## What is needed
Each line in the material below, starting at the one with "cm. silkscreenprint (2015)" and ending at the one with "Capezio Womens Dance", is to be reproduced exactly; no picture is to be copied.

## Materials provided
____________________

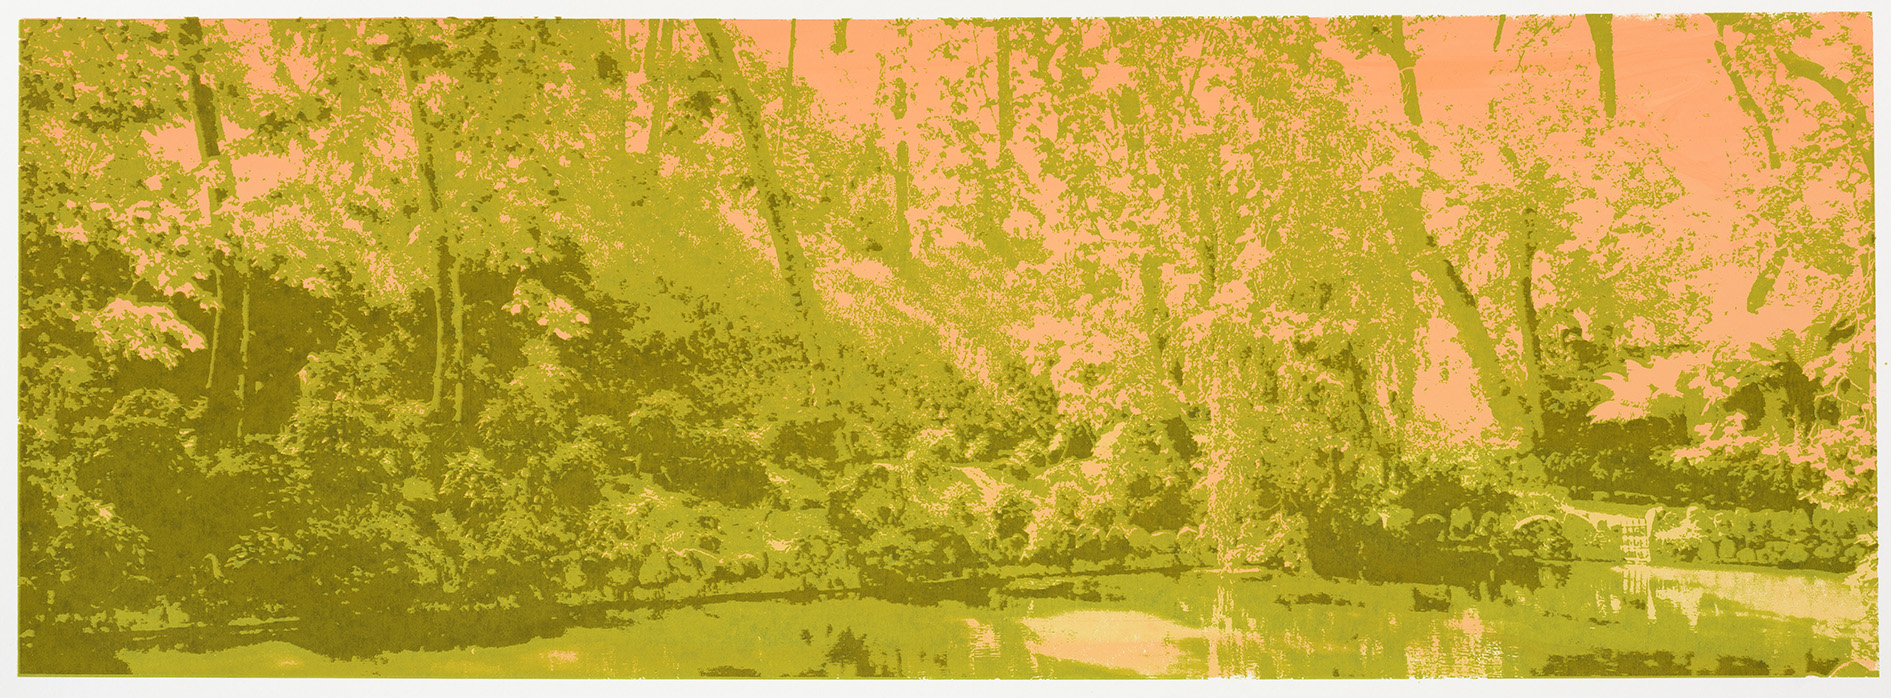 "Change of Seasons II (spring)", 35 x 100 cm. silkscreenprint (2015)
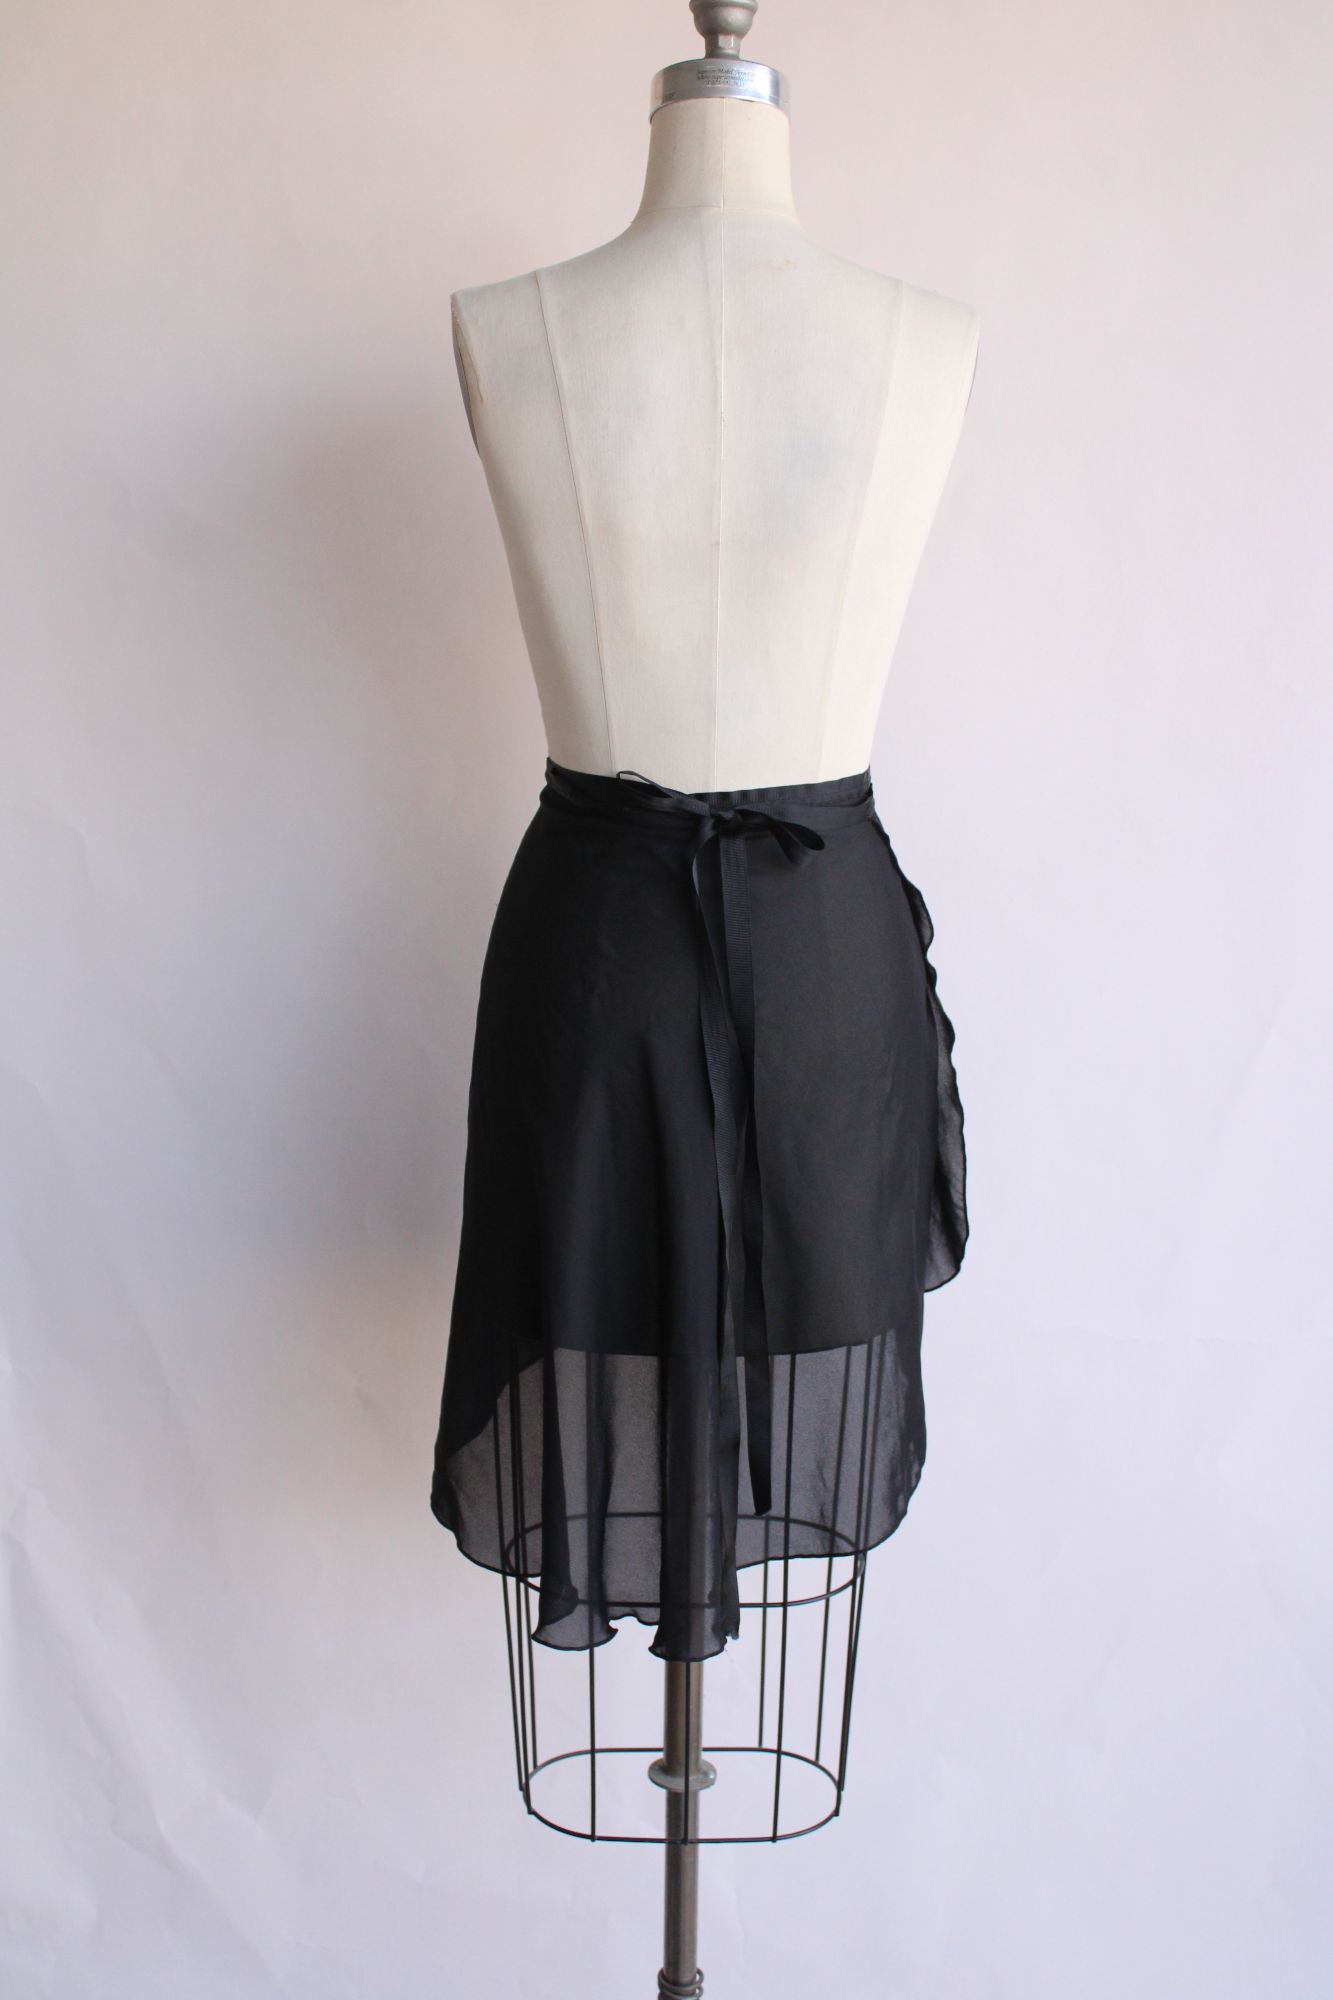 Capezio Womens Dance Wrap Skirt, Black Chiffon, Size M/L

____________________

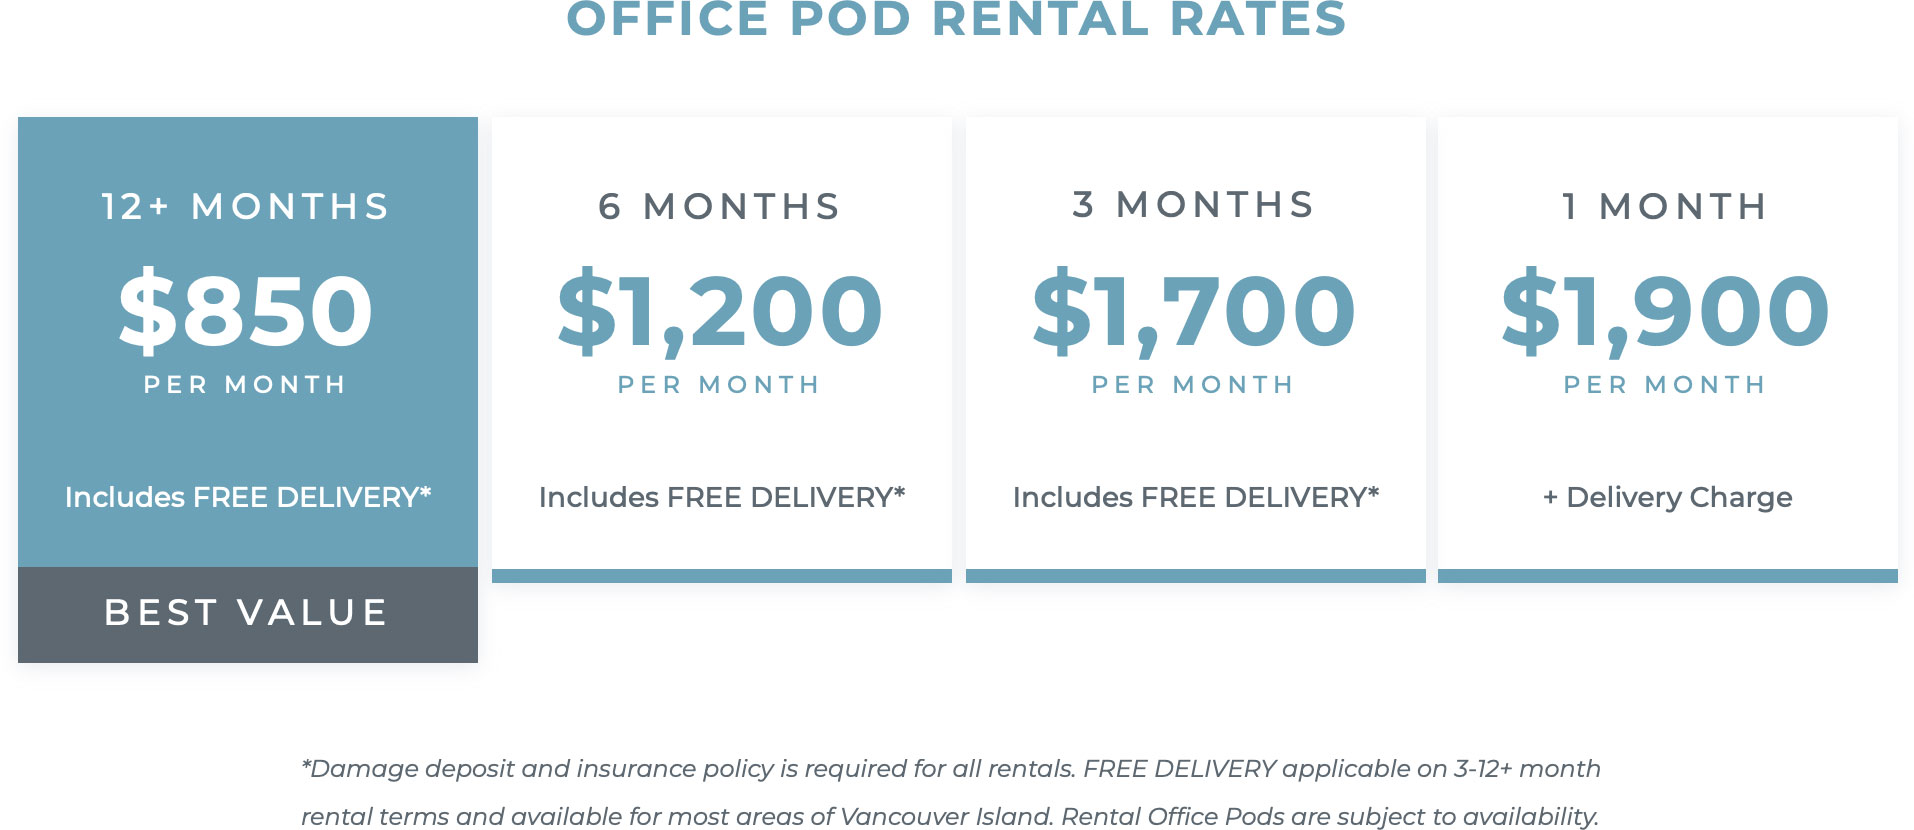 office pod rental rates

____________________

## Response area
 "Change of Seasons II (spring)", 35 x 100 cm. silkscreenprint (2015)
 Capezio Womens Dance Wrap Skirt, Black Chiffon, Size M/L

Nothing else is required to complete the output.